On the other hand, I am surprised that a twelve year old Honda was actually worth that much.

On the way home, I stopped by Pep Boys, talked to the manager, and got his advice on whether I should salvage the car or look for another. His advice appears in the email I sent in reply to this one that awaited me when I got home...
Good morning Mr. Gordon,

Your vehicle qualifies as a total loss because the repair costs exceed the value of the vehicle. You have the option of keeping your car, in that case the amount payable to you would be $2,818.83. Texas salvage branding laws will apply. You will need to speak to a qualified repair facility to get the vehicle safely operable. If you have any further questions please feel free to respond back or call at 866-***-**** ext. *****.

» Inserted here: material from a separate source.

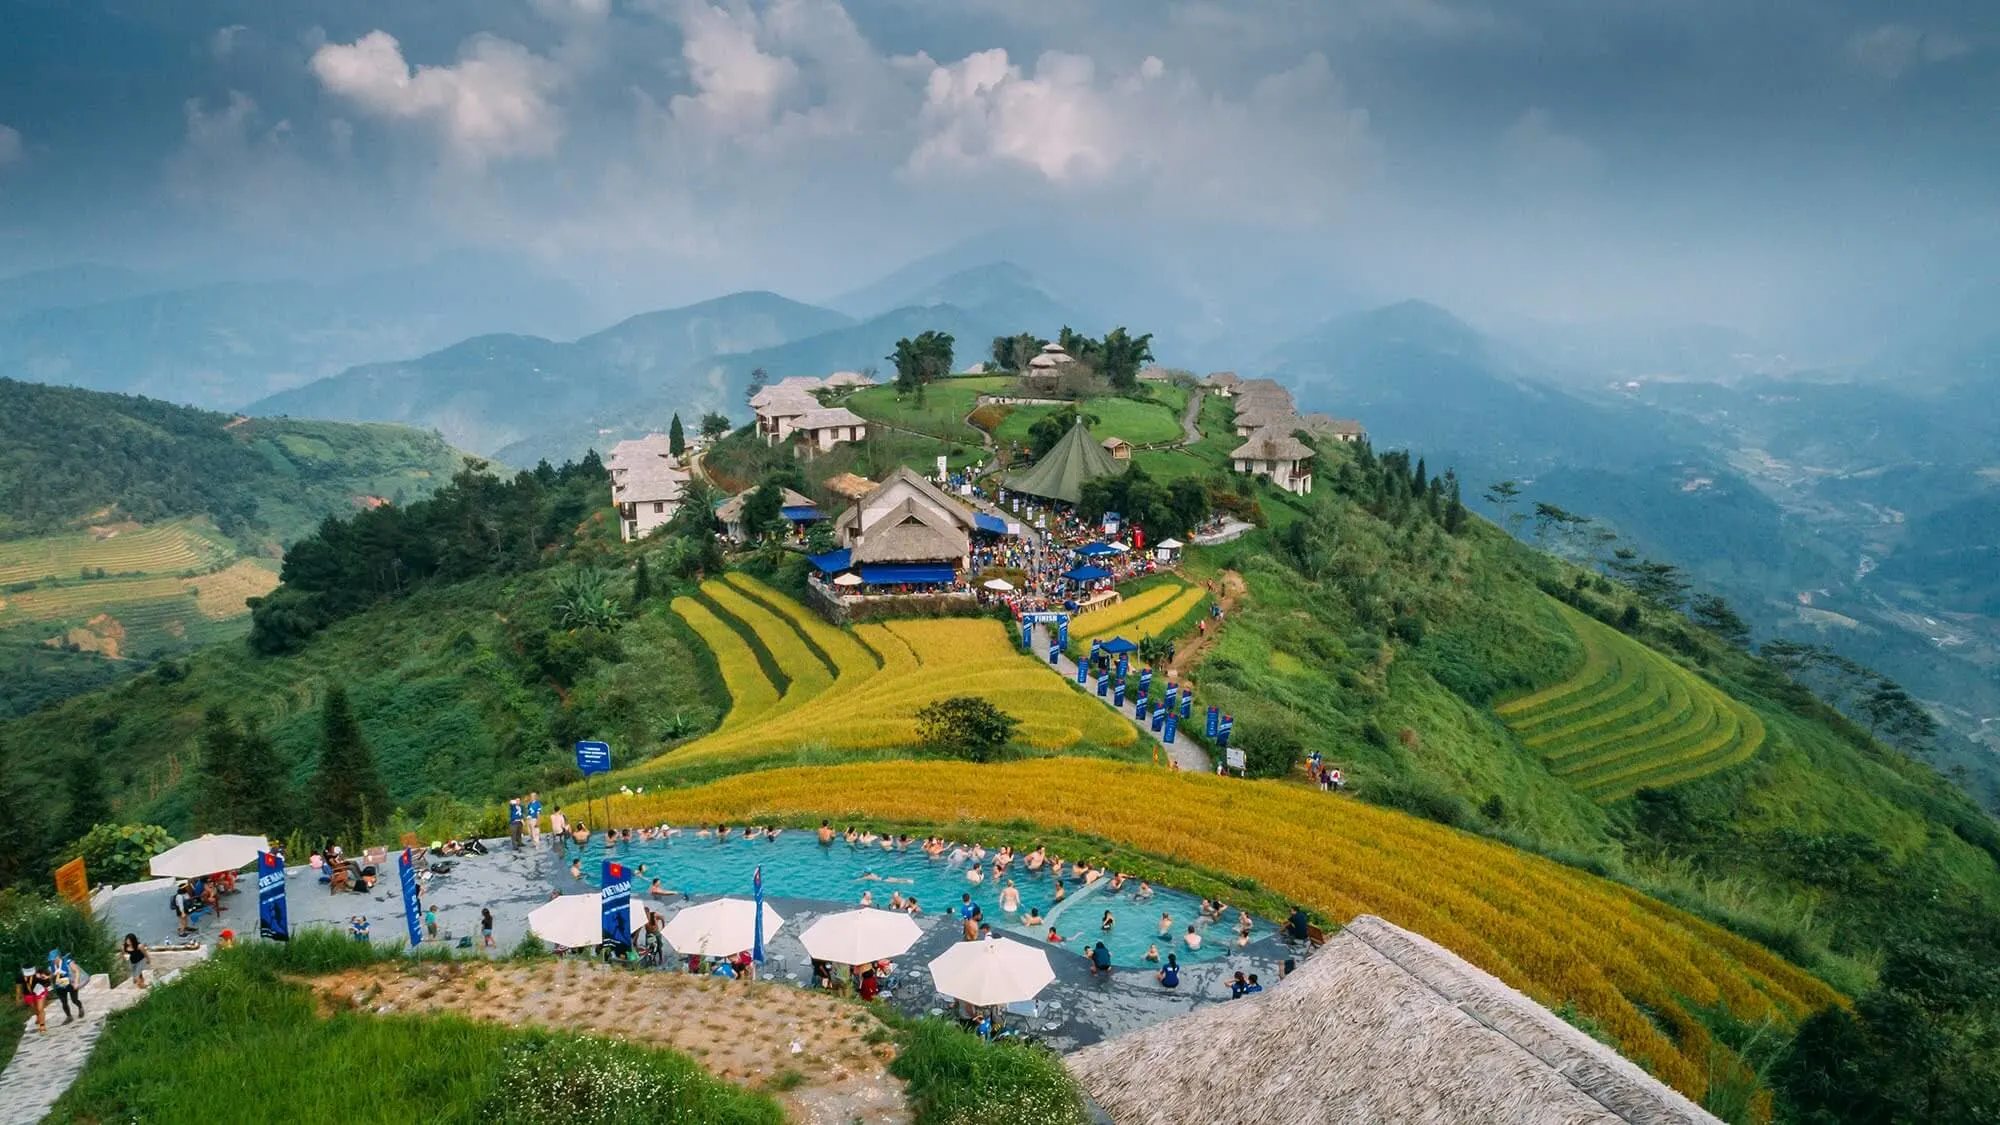 Unique places to stay in Vietnam

I called the manager at Pep Boys, talked with him some more, and finally made a decision. I tried calling the 866 number, but the party had already left for the day, so I sent the following email, which makes my final decision pretty obvious ...
I received your reply about the possibility of keeping the car and receiving a lower settlement of $2818.83.

Everyone I've talked to (including the manager of the Pep Boys facility I had in mind for repairing it) recommended accepting the original settlemnt of $4,023.47 and just go looking for another car. My fears about doing that still remain, but that manager offered to check out whatever car I considered.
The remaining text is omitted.